Seeming to address the outer scene we also look inwards into a similar immensity that even in the most balanced individuals barely affords a small window that is under command. One of the products of this immense engine that runs in me and in earlier men, is the means of transporting ourselves safely across the inhospitable seas and oceans of this tiny world. They seem so immense when we are separated by a few thousand miles from our loved ones.
Chatting comfortably with my instructor, who was my watch mate on this leg, we had already discovered that we had briefly attended the same school, and we comfortably exchanged the small matters of memory and the events of the recent days. It was a moment out of time as we whiled away the watch, wearing our life jackets as is mandatory at night.
I was acting as the skipper during this 90 mile journey down the Malacca Straits from the island of Pangkor to the mouth of the river Klang. Thoughts of my neglected pilotage duties up that busy river were banished temporarily as Kay Sira ate the night. We set and shook out a reef when the night darkened with anger, but the storm passed us by without a drop of rain or a gust of wind.
I was send up to shake out the reef but I did not clip on. I knew that I would always have one hand for the ship and one for myself. I become more and more familiar with the ropes, winches and strong points, so all parts of the boat become extensions of my own body, in a delightful symbiosis.
My companion suggested that it would be impossible to capture that evening’s experience in words as the brimming seconds of the wonderful darkness expired as easily as each whispering eddy that momentarily rolled under the boat. Of course it is so, and all that I can do is seek a means of creating within you that symphony and song. The gentle movement of the boat stabilised by wind cannot be captured in words directly. The sense of its driving through the element powered by well-set sails is, I think, only available as a feeling in the hands and heart for some men, while for others, like John Milton’s sight, comfort from the source is quite shut out.
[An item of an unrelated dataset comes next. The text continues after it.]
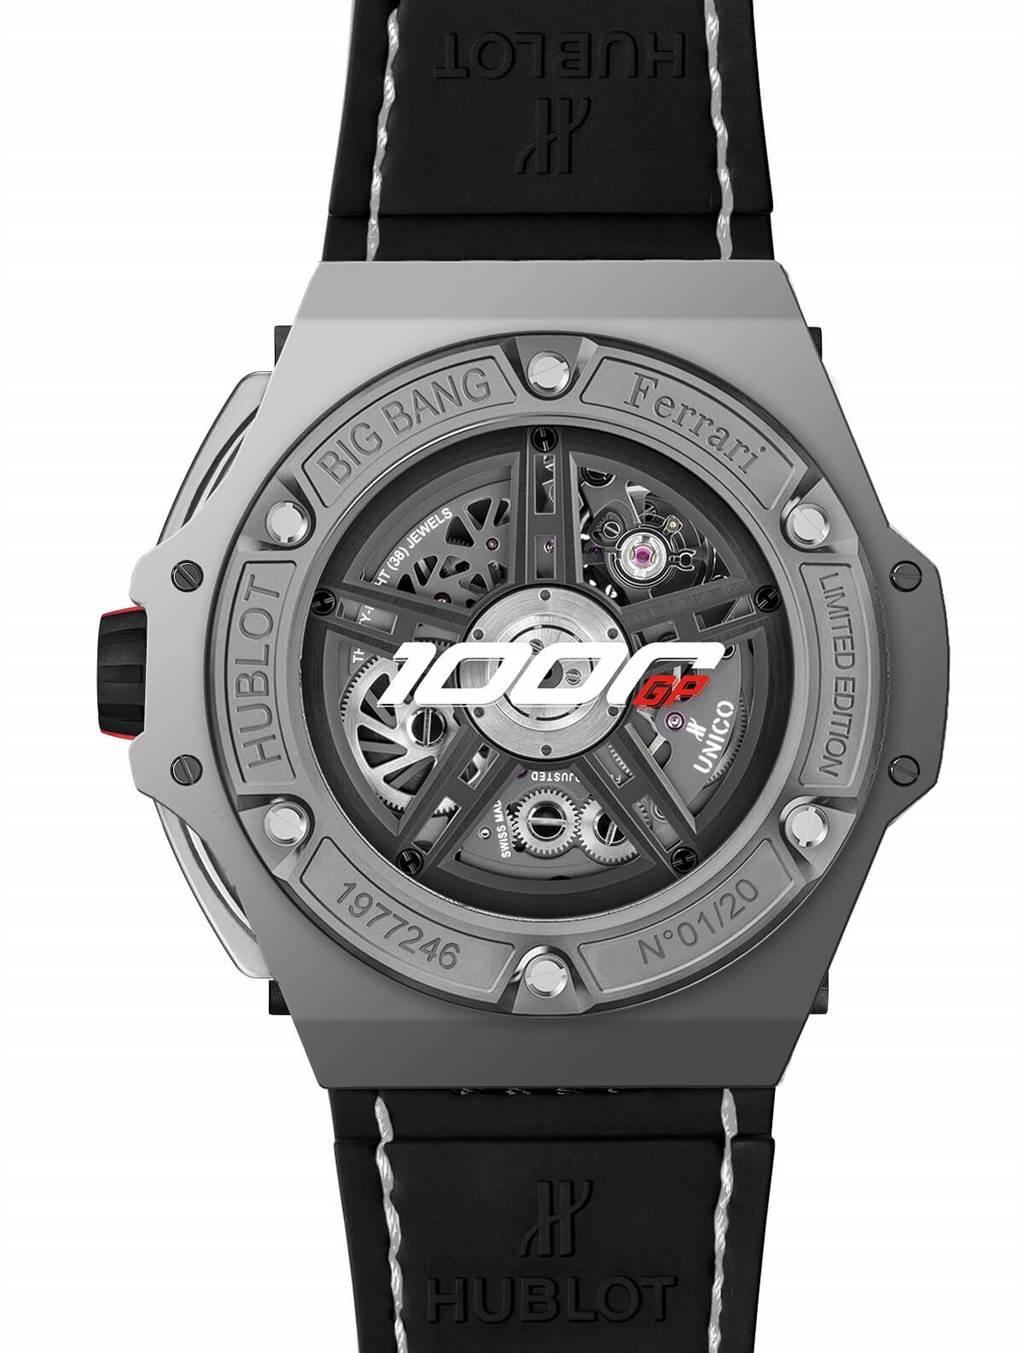 HUBLOT宇舶錶歡慶Ferrari車隊參與第1000場GP賽事 推出全新BIG BANG Ferrari 1000 GP紀念錶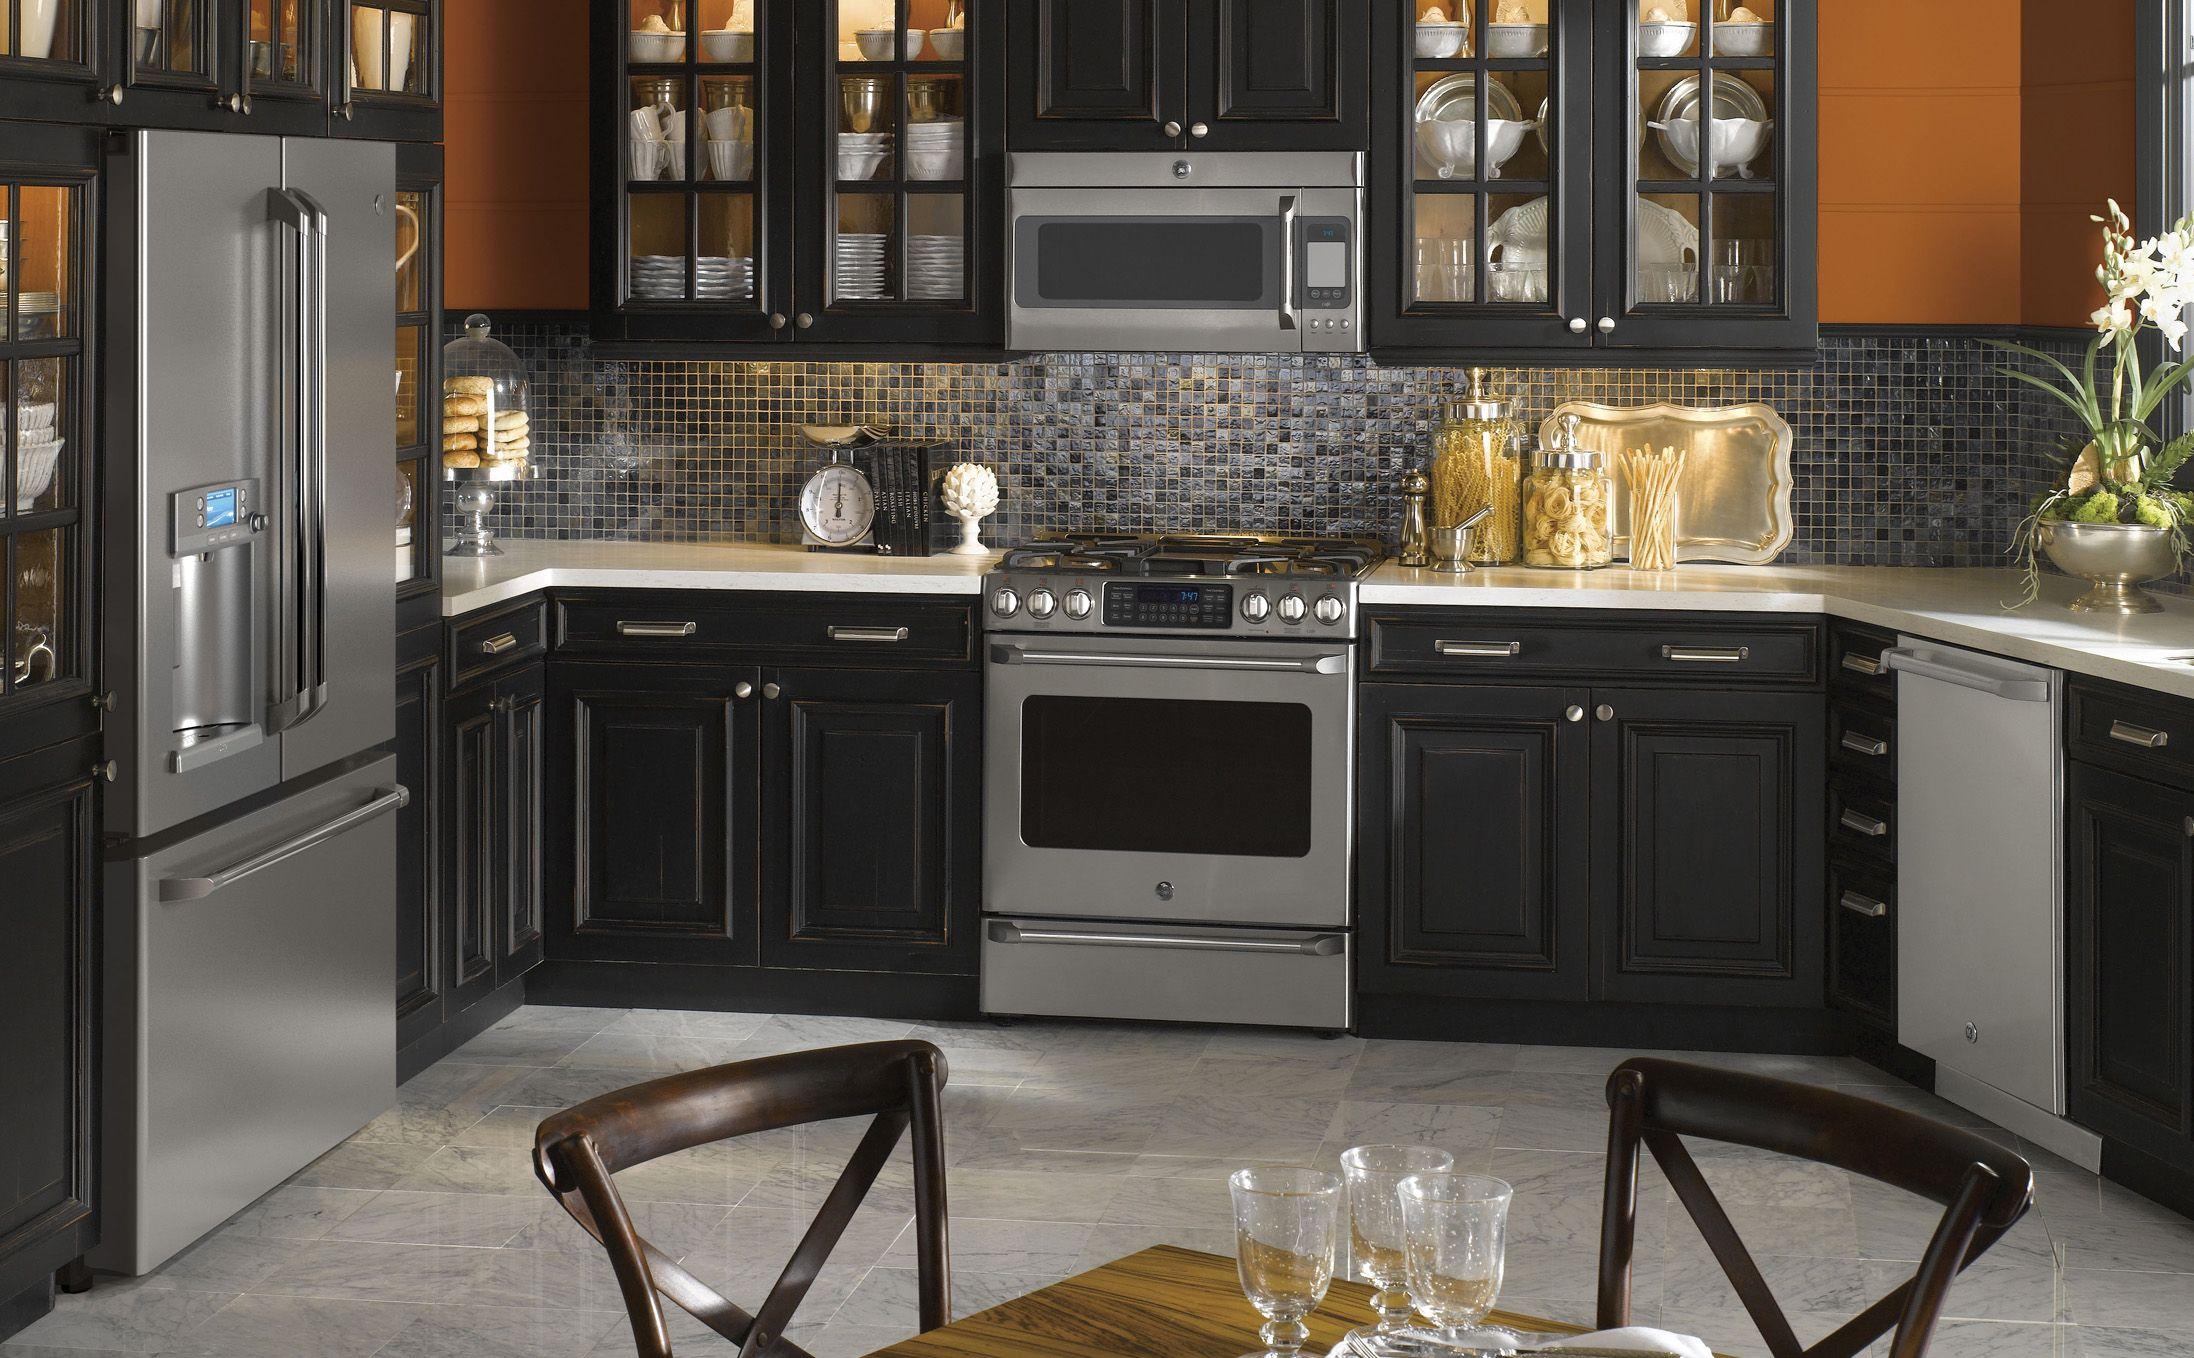 36 gorgeous black kitchen cabinet design ideas you will love blackkitchencabinet on kitchen remodel appliances id=80209

The deep delight of the night passage is soon put to sleep on the surface of the main as dawn insinuates it earliest prodromal enlightenment of the highest clouds. If by my words you can see with inner eyes the peace, the calm, the vastness, and the small things of comfort such as a fleece worn against the unexpected chill of the tropical night, then I will not have striven in vain.
In the morning I turned on my computer to read a shocking communication from a dear friend. I will quote it verbatim.
Hi Austen
We had some dreadful news. Hany had just returned from a sailing trip around turkey, he then bought a small sailing boat and sailed out of Poole harbour on the way to Hayling island. The boat was later found engine running, beached. Hany was found 4 days later, he had drowned, no lifebelt.
I just remember the time you and he spent time on a Saturday trying to help my business, and realise so much that time is precious… let us know how you are getting on. Wear a life jacket
Love Michael
Of course I know how easily the safe and snug ballroom of the stars that we had enjoyed could become the scene of accident and death. All that we can do, as inheritors of the long-held skills, practices, and rituals of the sea, is to take all the precautions that we can, but never to give up that precarious life between wind and water, distorted by the rythym of the tides.
Magical and majestic. What this trip was all about?
The sea has no friends and no enemies – we can only respect an environment that can give so much joy yet take life away. In our personal and sailing quests the words of Aristole Onassis seem particularly relevant; ‘We must free ourselves of the hope that the sea will ever rest. We must learn to sail in high winds.’ Good luck racing!